Attacking a piece of software was once as straightforward as finding a buffer overflow exploit, filling the buffer with arbitrary code to execute and replacing the return address to point to the beginning of this new code. Fortunately, we now prevent areas of memory being both writable and executable, either an attacker cannot overwrite the code that exists or they cannot execute the code they have injected.

Not to be perturbed, attackers continued looking for exploits and found code reuse attacks. These attacks rely on chaining together several small snippets of code that already exist in a program. It's still necessary to begin the attack through some buffer overflow exploit but no new code needs to be injected.

Imagine a program running as root on a server. Once in control of the flow of execution, an attacker can string together a sequence of gadgets where every operation operates with elevated privileges.
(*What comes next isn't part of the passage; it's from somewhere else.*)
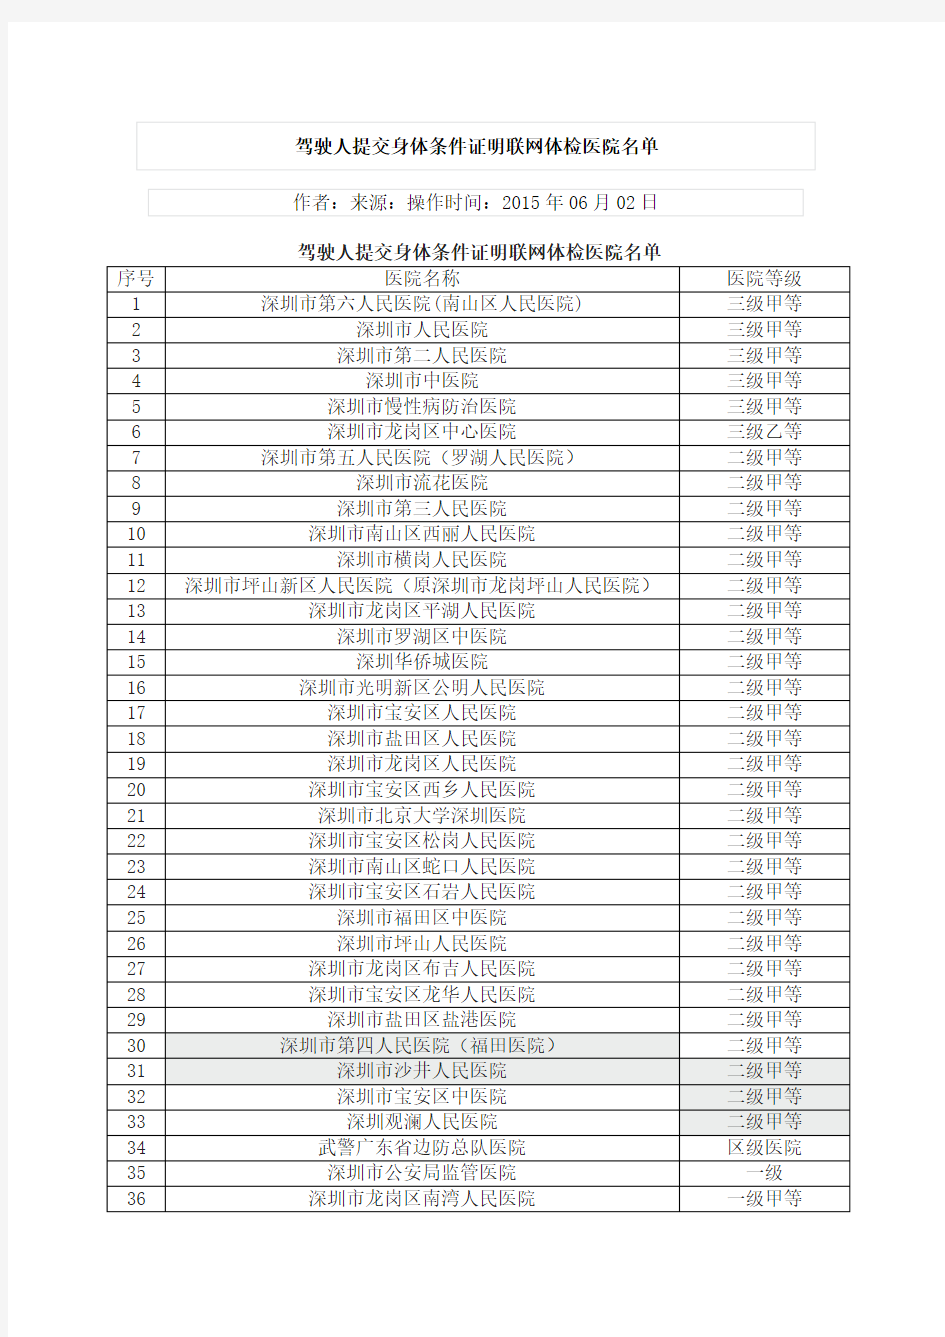 深圳市驾驶人提交身体条件证明联网体检医院名单

If the attacker can launch a shell, they’ve won.

For the rest of this blog-post to make sense, we need to first discuss what gadgets are and why they are dangerous.

Gadgets: What are they - and why are they dangerous?
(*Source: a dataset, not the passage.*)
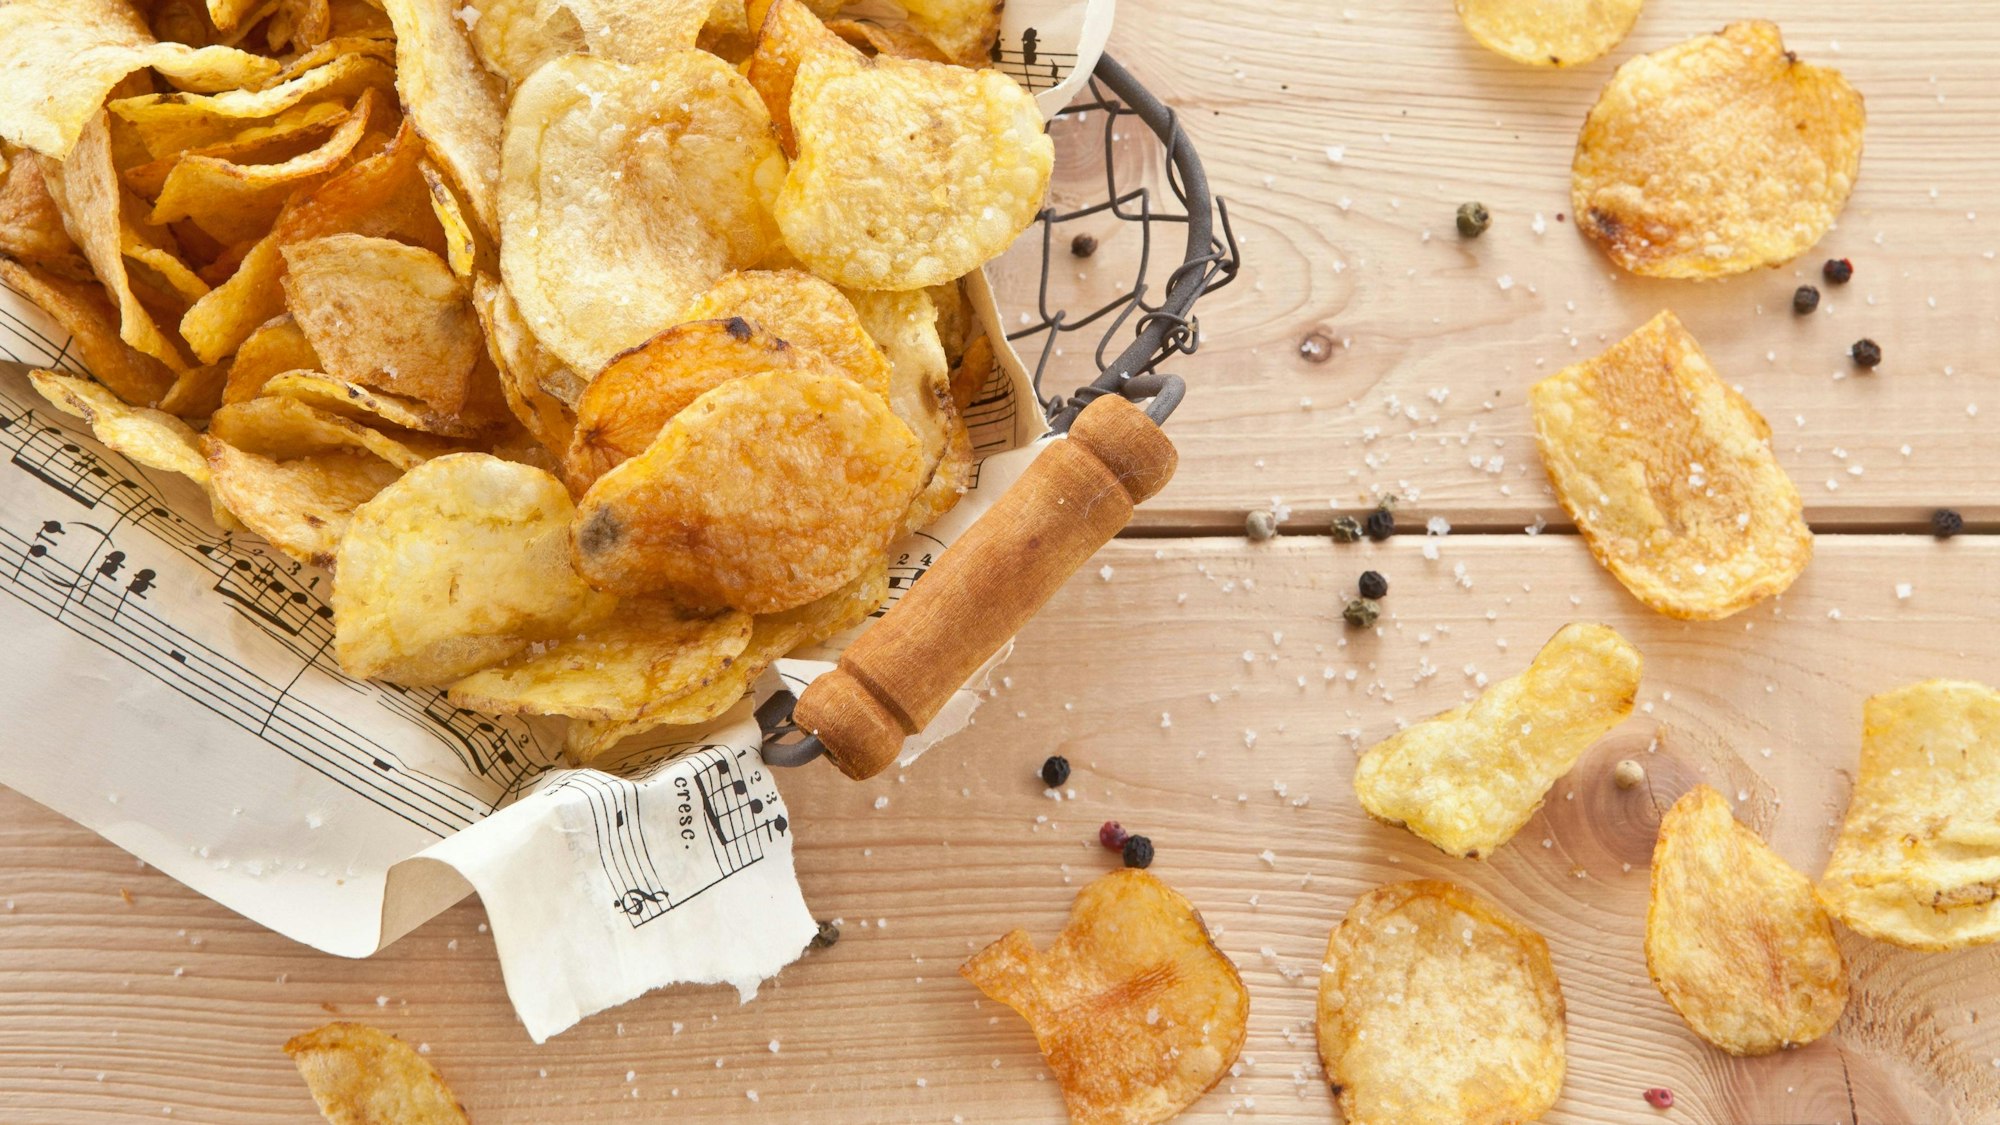 Kartoffelchips, wie auf dem Symbolfoto dargestellt, sind ein beliebter Snack.

Gadgets are sequences of instructions that end in an indirect branch, that is an instruction that branches to an address stored in a register. In the AArch64 instruction set, these instructions are:

BR <Rn>
BLR <RN>
RET (BR LR)

Shorter gadgets are more useful to an attacker. An ideal gadget is only 2 or 3 instructions long. As it gets longer, it starts to become unwieldy, hard to reason about and difficult to use. A useful gadget performs some operation like arithmetic, memory read/writes, function calls and so on.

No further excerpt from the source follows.